Simulation study

library(INLA)
library(tidyverse)

In the vignette Simulation example, we simulate a single data set with Berkson error, classical error and missing data, and then fit a measurement error model to adjust for these errors. In this simulation study, we do the exact same steps, but repeated on 100 simulated data sets instead of just one, to ensure that the results are not an artifact of one particular data set.

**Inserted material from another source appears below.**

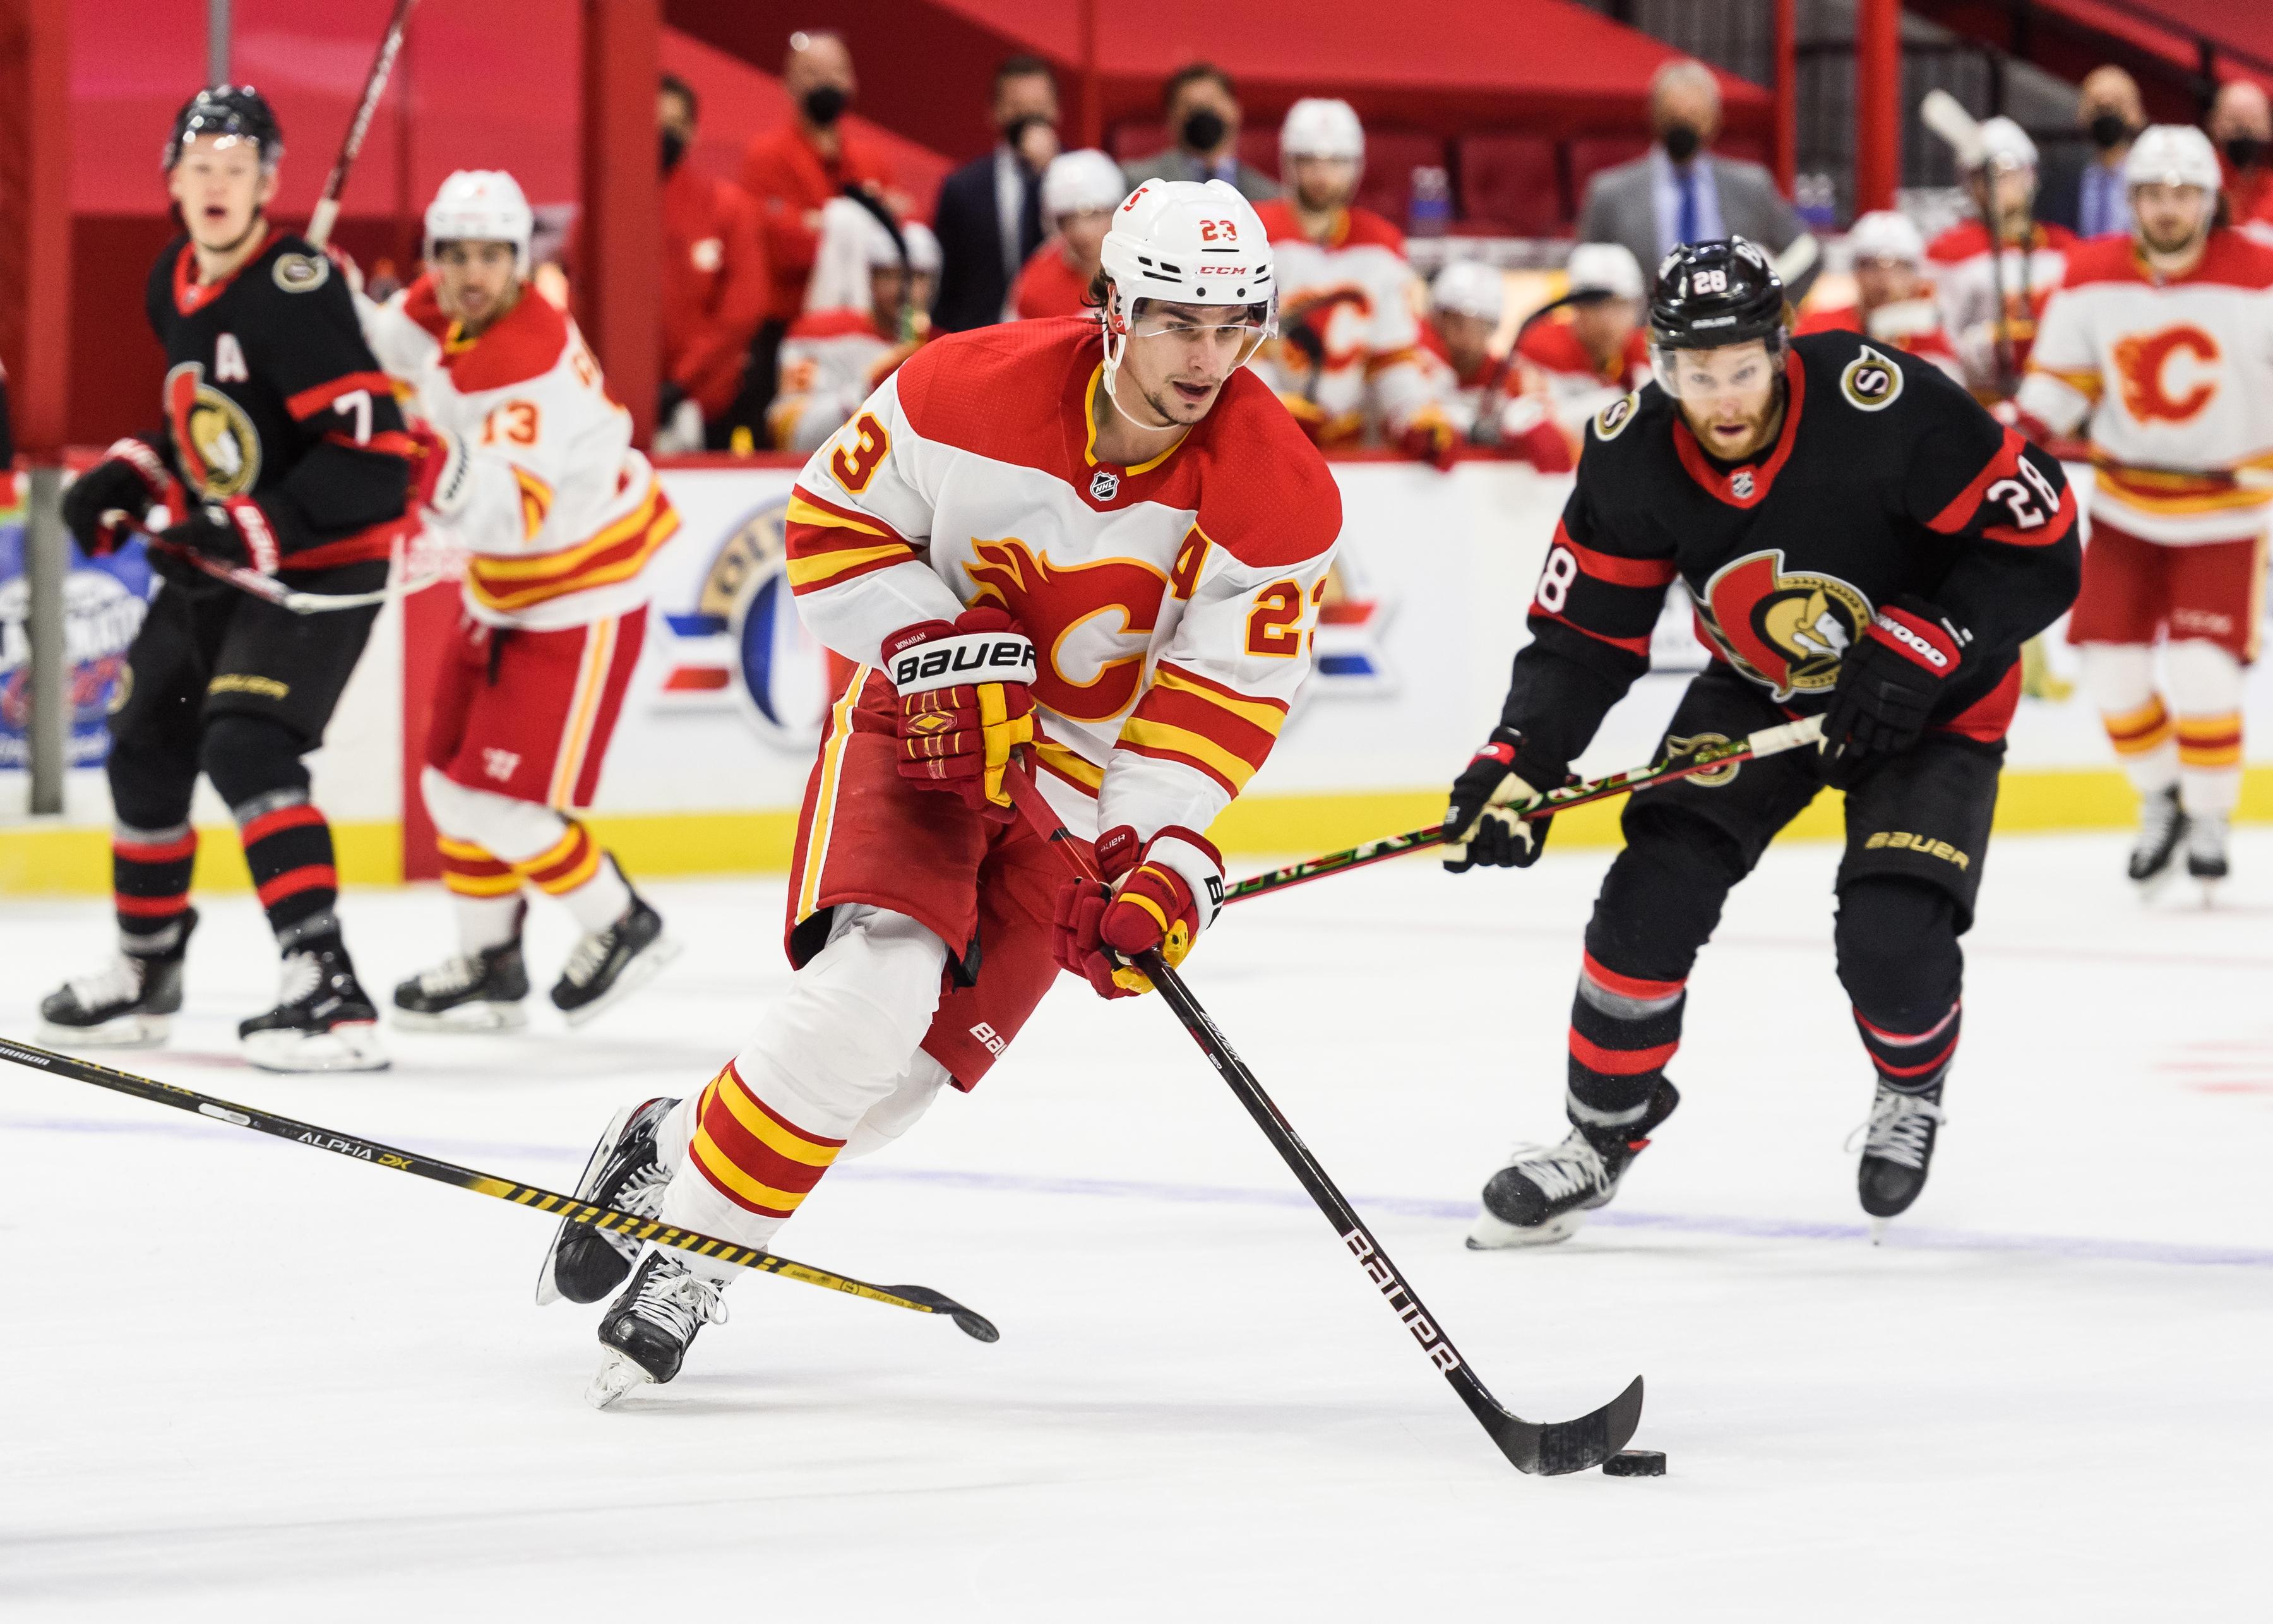 NHL: MAR 22 FLAMES AT SENATORS

This vignette consists of mostly just code, for detailed explanations on the steps taken in the analysis, please refer to Simulation example.

Setting up functions

Function for simulating data

simulate_data <- function(n){
  # Covariate without error:
  z <- rnorm(n, mean = 0, sd = 1)
  
  # Berkson error:
  u_b <- rnorm(n)
  r <- rnorm(n, mean = 1 + 2*z, sd = 1)
  x <- r + u_b
  
  # Response:
  y <- 1 + 2*x + 2*z + rnorm(n)
  
  # Classical error:
  u_c <- rnorm(n)
  w <- r + u_c 
  
  # Missingness:
  m_pred <- -1.5 - 0.5*z # MAR. This gives a mean probability of missing of ca 0.2.
  # m_pred <- -1.5 - 0.5*x # MNAR
  m_prob <- exp(m_pred)/(1 + exp(m_pred))
  m_index <- as.logical(rbinom(n, 1, prob = m_prob)) # MAR/MNAR
  # m_index <- sample(1:n, 0.2*n, replace = FALSE) # MCAR
  w[m_index] <- NA

  simulated_data <- data.frame(y = y, w = w, z = z, x = x)
  return(simulated_data)
}

Functions for setting up the model matrices

# Make matrix for ME model
make_matrix_ME <- function(data){
  n <- nrow(data)
  
  y <- data$y
  w <- data$w
  z <- data$z
  
  Y <- matrix(NA, 4*n, 4)

  Y[1:n, 1] <- y                 # Regression model of interest response
  Y[n+(1:n), 2] <- rep(0, n)     # Berkson error model response
  Y[2*n+(1:n), 3] <- w           # Classical error model response
  Y[3*n+(1:n), 4] <- rep(0, n)   # Imputation model response

  beta.0 <- c(rep(1, n), rep(NA, 3*n))
  beta.x <- c(1:n, rep(NA, 3*n))
  beta.z <- c(z, rep(NA, 3*n))

  id.x <- c(rep(NA, n), 1:n, rep(NA, n), rep(NA, n))
  weight.x <- c(rep(NA, n), rep(-1, n), rep(NA, n), rep(NA, n))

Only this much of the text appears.